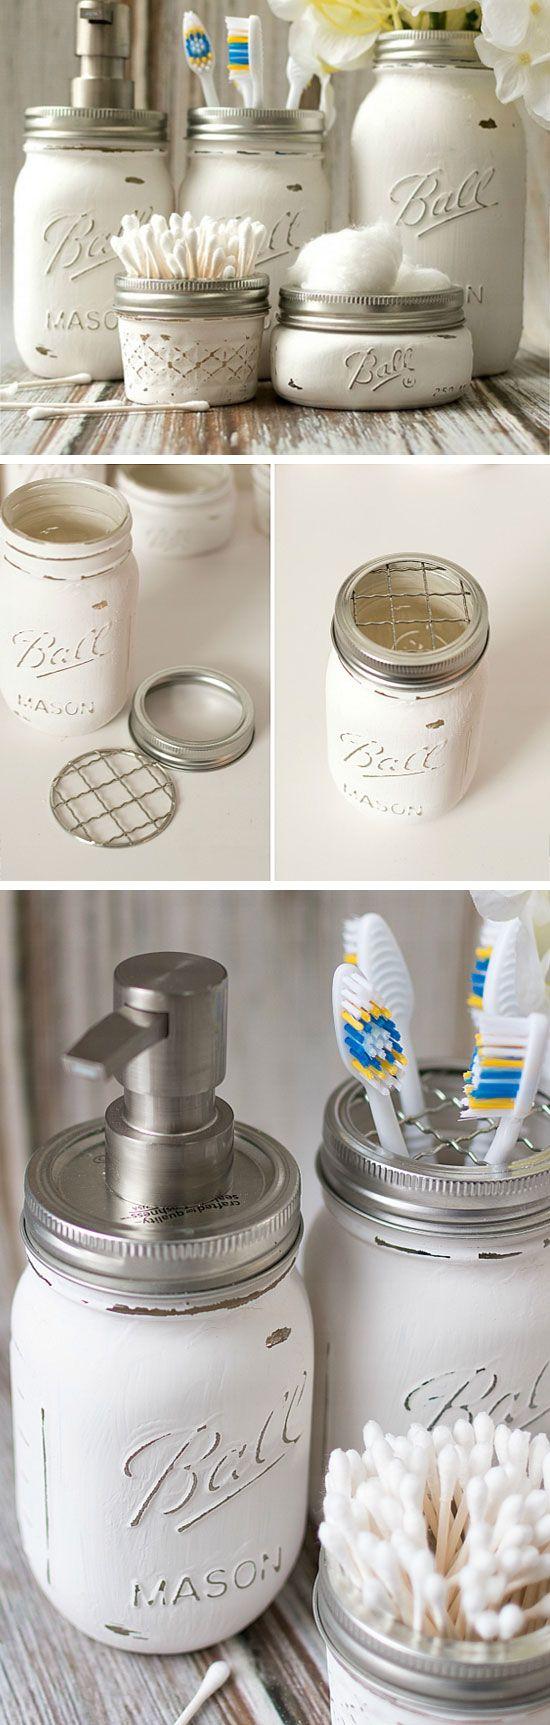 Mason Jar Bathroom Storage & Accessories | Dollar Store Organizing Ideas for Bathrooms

────────

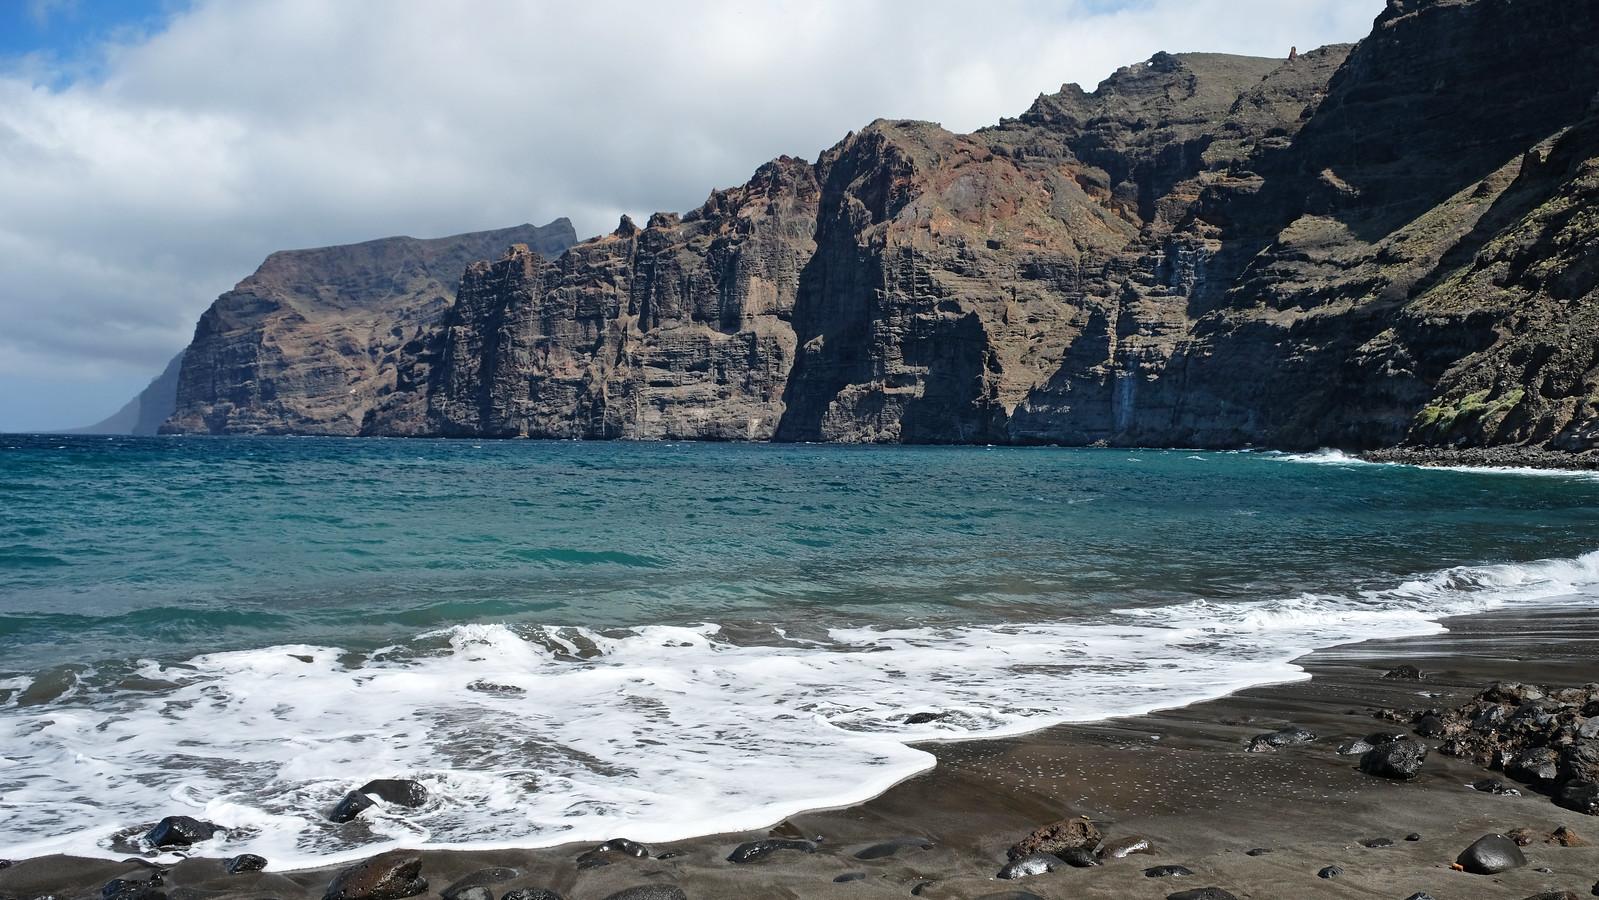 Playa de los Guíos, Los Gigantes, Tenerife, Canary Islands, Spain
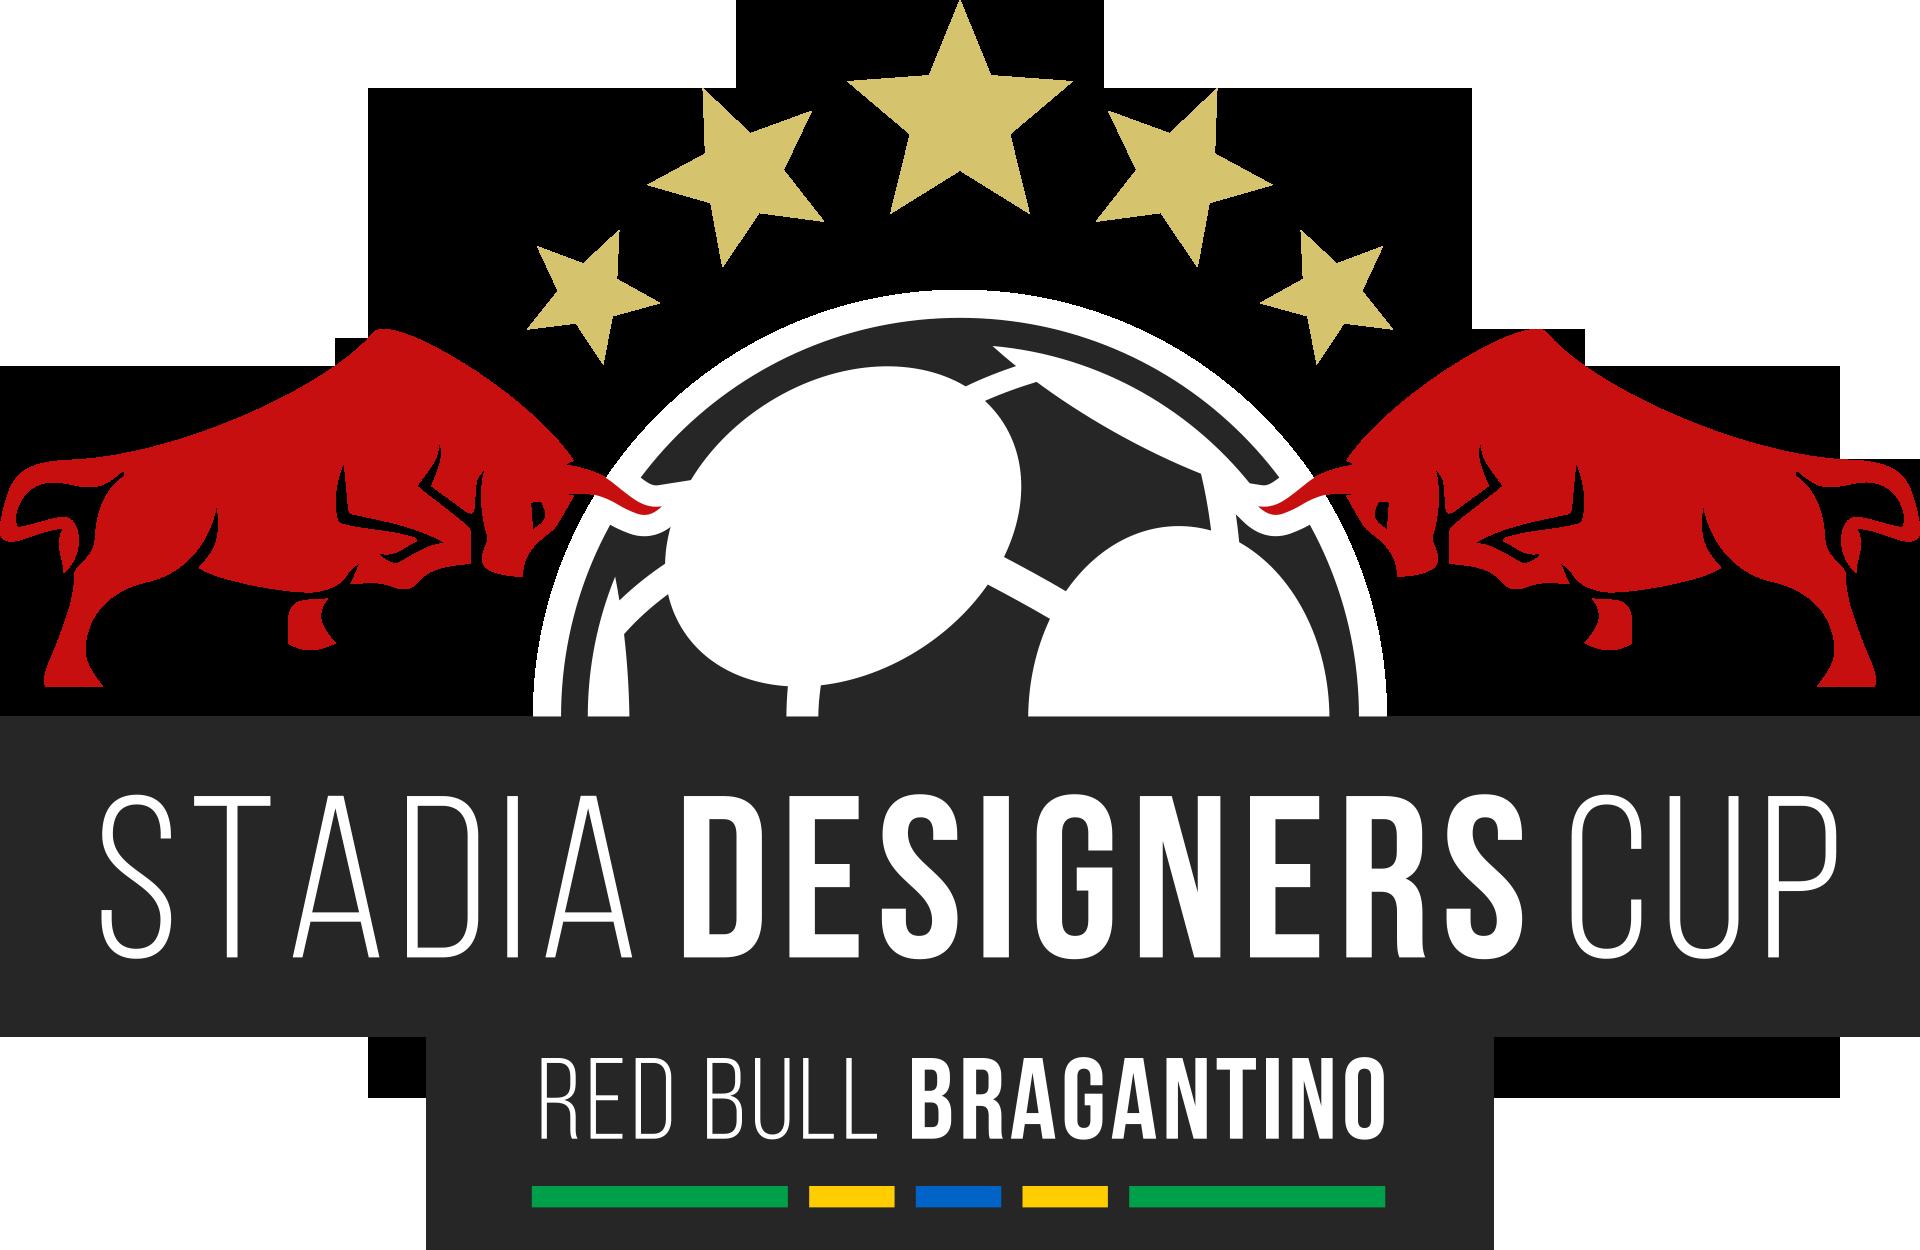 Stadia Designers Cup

────────

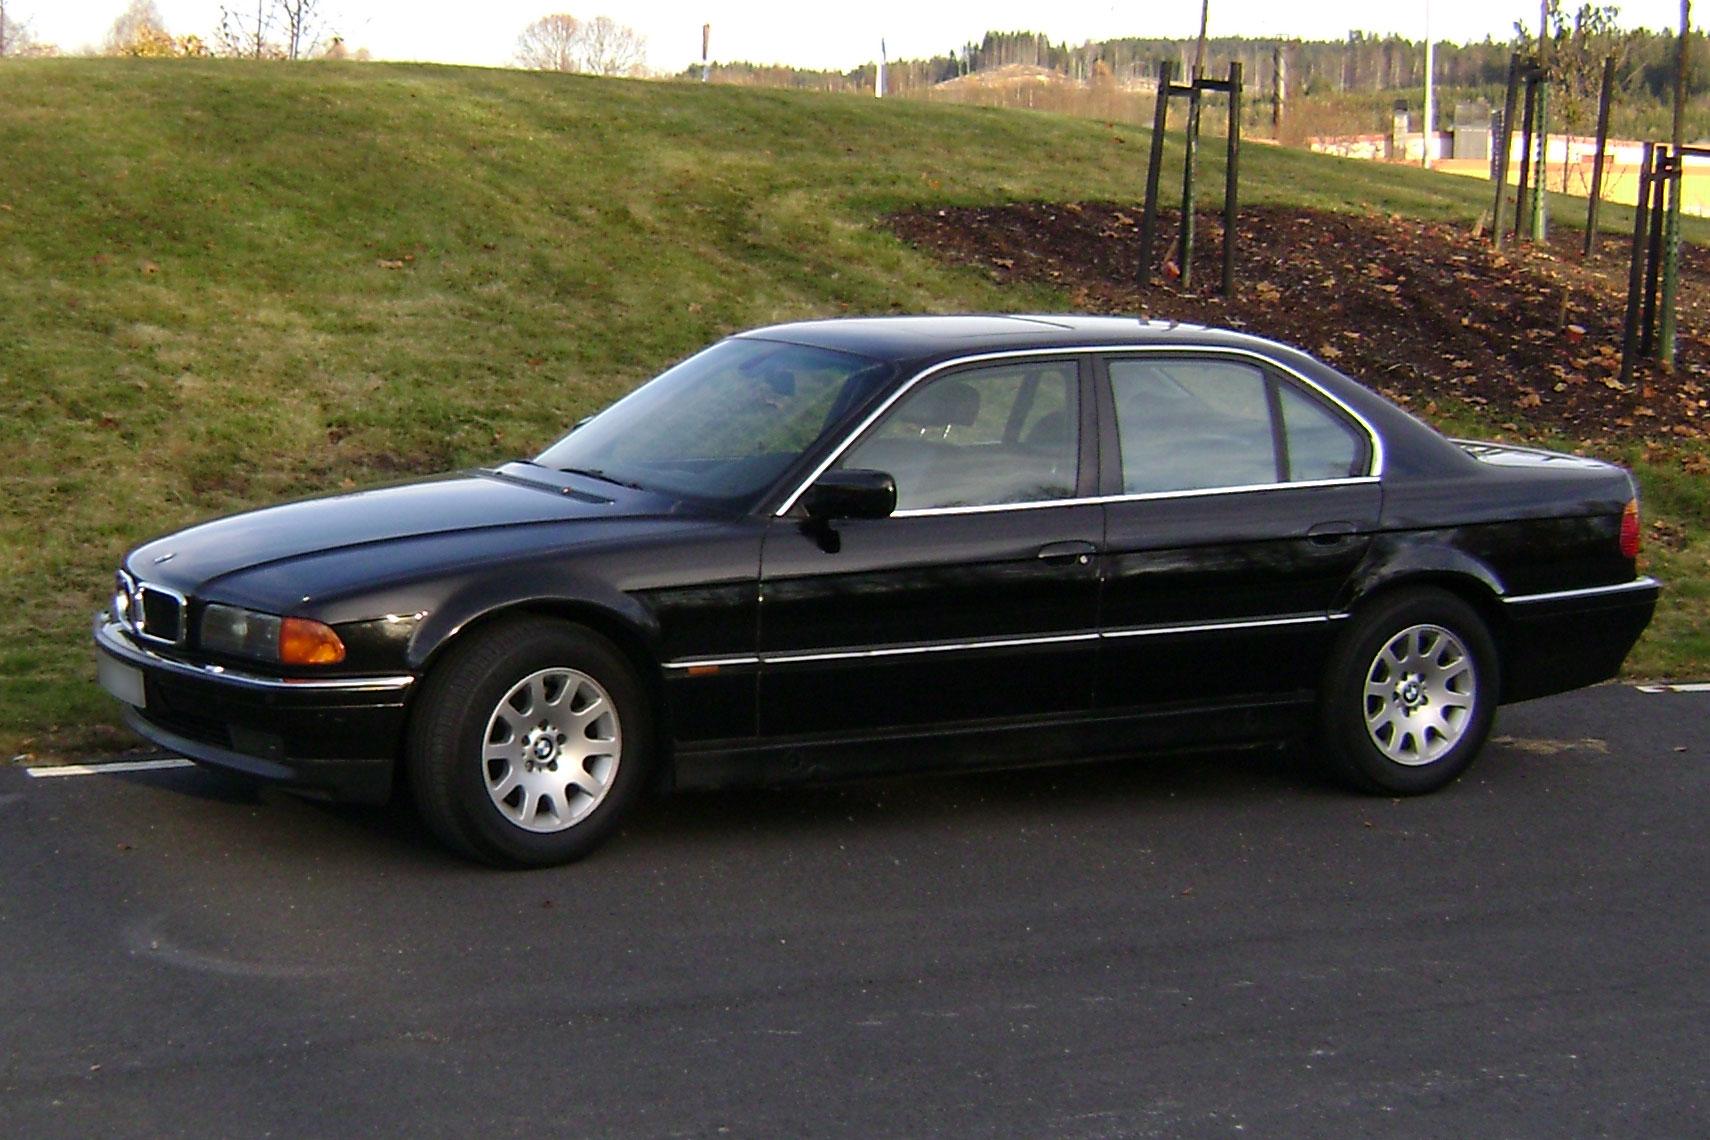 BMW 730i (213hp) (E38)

────────

__What you need to do__
Using the listing above, repeat word for word each line from the one with "Playa de los" down to the one with "Stadia Designers Cup", both included. Omit all pictures.

__Solution__
 Playa de los Guíos, Los Gigantes, Tenerife, Canary Islands, Spain
 Stadia Designers Cup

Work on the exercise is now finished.